A/B Test Calculator | Statistical Significance Checker

A/B Test Significance Calculator

Analyze results or plan your next experiment

An A/B test significance calculator determines whether the difference in conversion rates between two variants (a control and a test) is statistically real and not just due to random chance, typically using a two-proportion z-test at 95% confidence.

Test Data

Variant A (Control)

Variant B (Test)

Results

Conversion Rate A
Conversion Rate B
Absolute Difference
Relative Lift
Z-Score
P-Value
Confidence Level

Required Sample Size

Sample Size per Variation
Total Sample Size

About A/B Test Significance

This calculator uses a two-proportion z-test to determine if the difference between two conversion rates is statistically significant. A p-value below 0.05 (95% confidence) indicates that the observed difference is unlikely due to random chance. For reliable results, ensure each variant has at least 100 visitors and the test has run for a full business cycle.

Frequently Asked Questions

What does statistical significance mean in an A/B test?

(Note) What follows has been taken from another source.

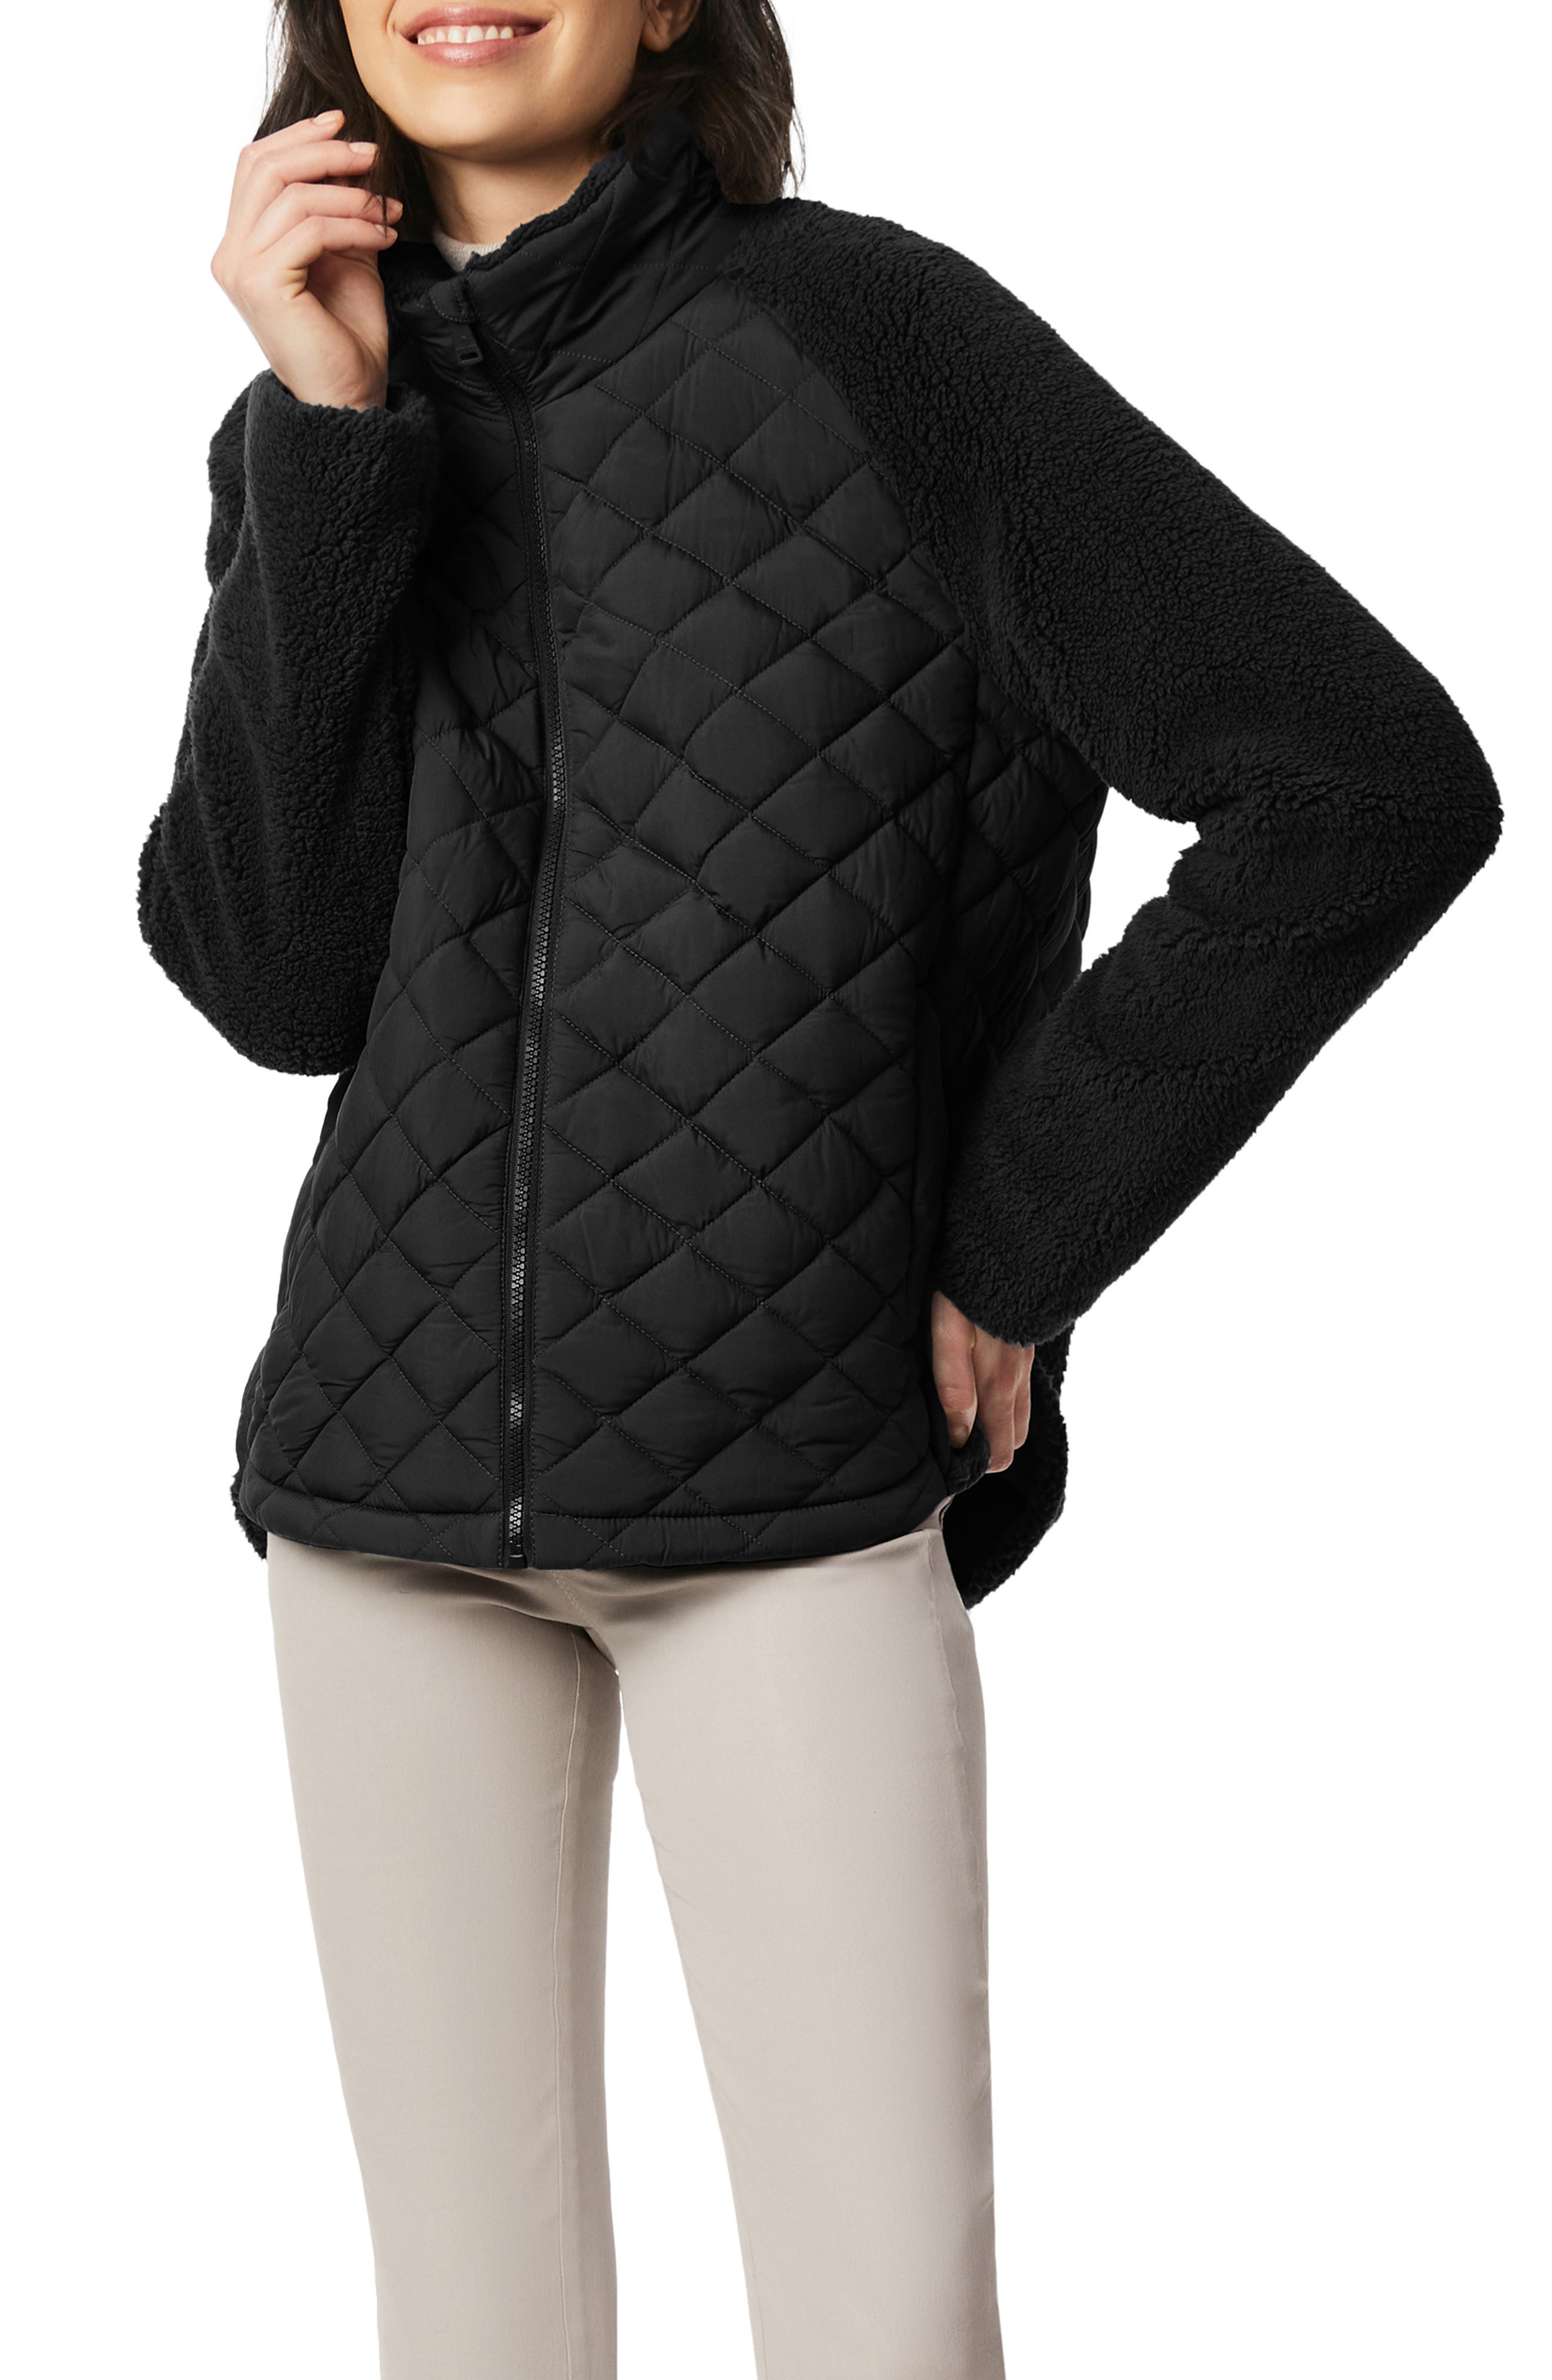 Women Fashion Hooded Jackets Long Cotton-Padded Pocket Faux Fur Coats Outerwear

Statistical significance means the observed difference in conversion rates between Variant A and Variant B is unlikely to have happened by random chance. At 95% confidence (p-value below 0.05), there is only a 5% probability the result is a fluke. It does not guarantee the lift will hold in production — it just provides enough statistical evidence to act on the result with reasonable confidence.

How many conversions do I need for A/B test significance?

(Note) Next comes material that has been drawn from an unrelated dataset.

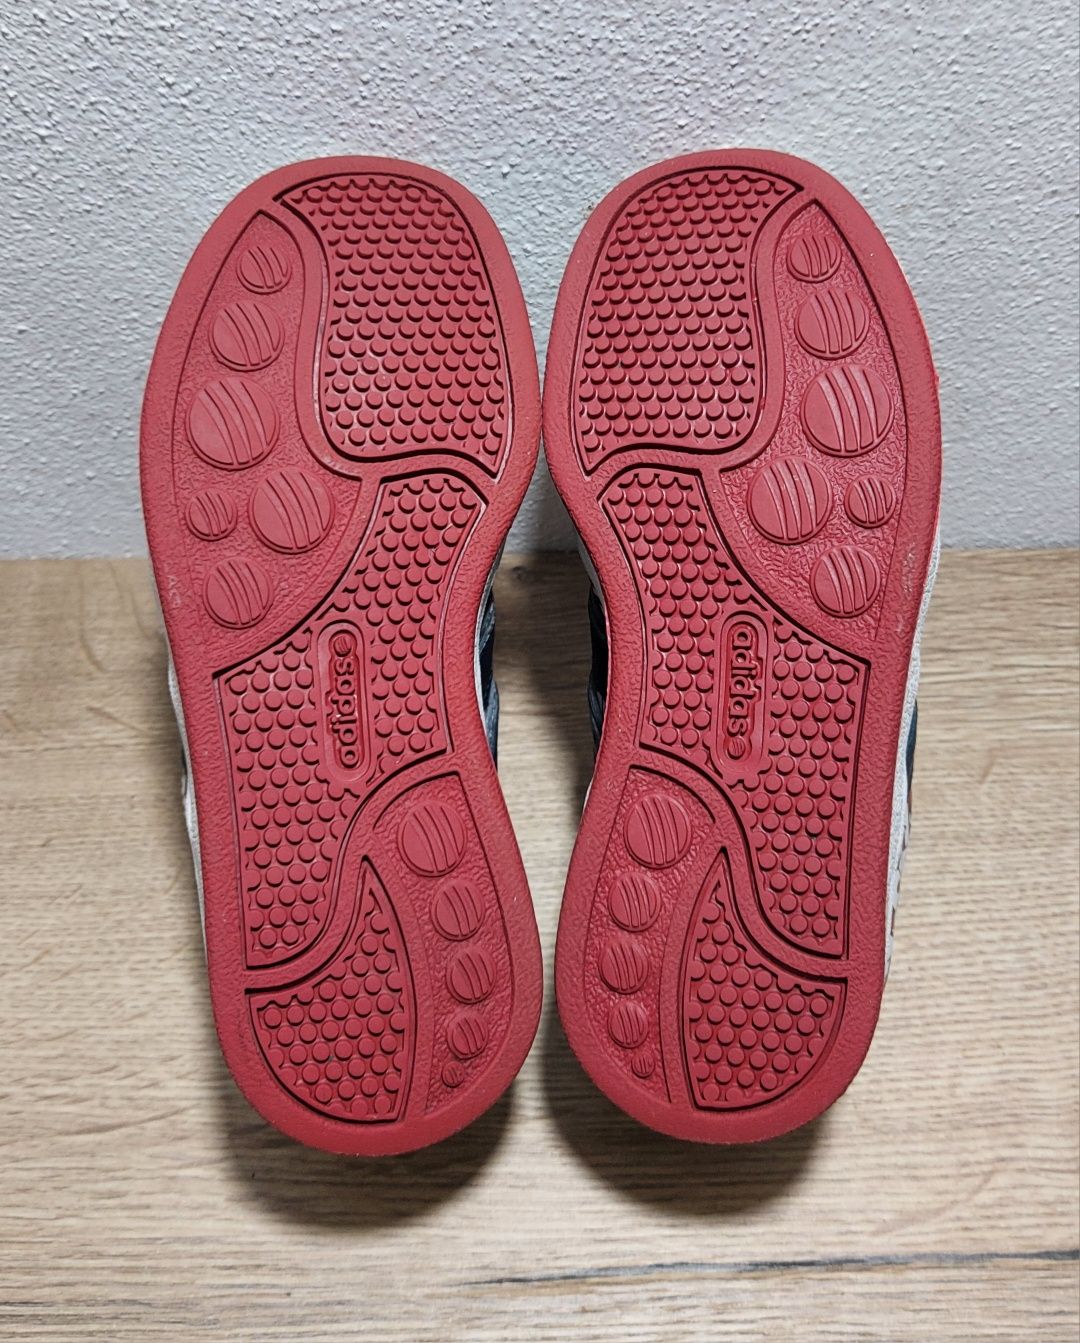 Pantofi sport ADIDAS Superstar, încălțăminte piele, nr. 28 EU unisex

There is no universal number — it depends on your baseline conversion rate and the size of the lift you want to detect. As a general rule, each variant needs at least 100 conversions, and ideally several hundred, to produce reliable results. Use the sample size planner: enter your baseline rate and minimum detectable effect to get the exact visitor count needed per variant before starting your test.

What is p-value in an A/B test?

The p-value is the probability that the observed difference (or a larger one) would occur if there were actually no real difference between variants. A p-value of 0.03 means there is only a 3% chance the result is due to random variation. Most marketers use a threshold of p < 0.05 (95% confidence) before calling a winner, though high-stakes decisions may warrant p < 0.01 (99% confidence).

Is statistical significance the same as sample size?

No — this is a critical misconception. Statistical significance is an outcome (the p-value) that depends on your actual data. Sample size is a planning input that controls how sensitive your test is to detecting a given lift. Running a test to significance without pre-planning sample size can lead to peeking bias: stopping the test early when results happen to look significant by chance, inflating false positive rates.

How long should I run an A/B test?

Run your test for at least one full business cycle — typically one to two weeks — to capture day-of-week variation in user behavior, regardless of whether significance is reached earlier. Calculate the required sample size upfront and do not stop the test early just because the significance badge appears. Stopping early is one of the most common A/B testing mistakes and routinely produces false winners.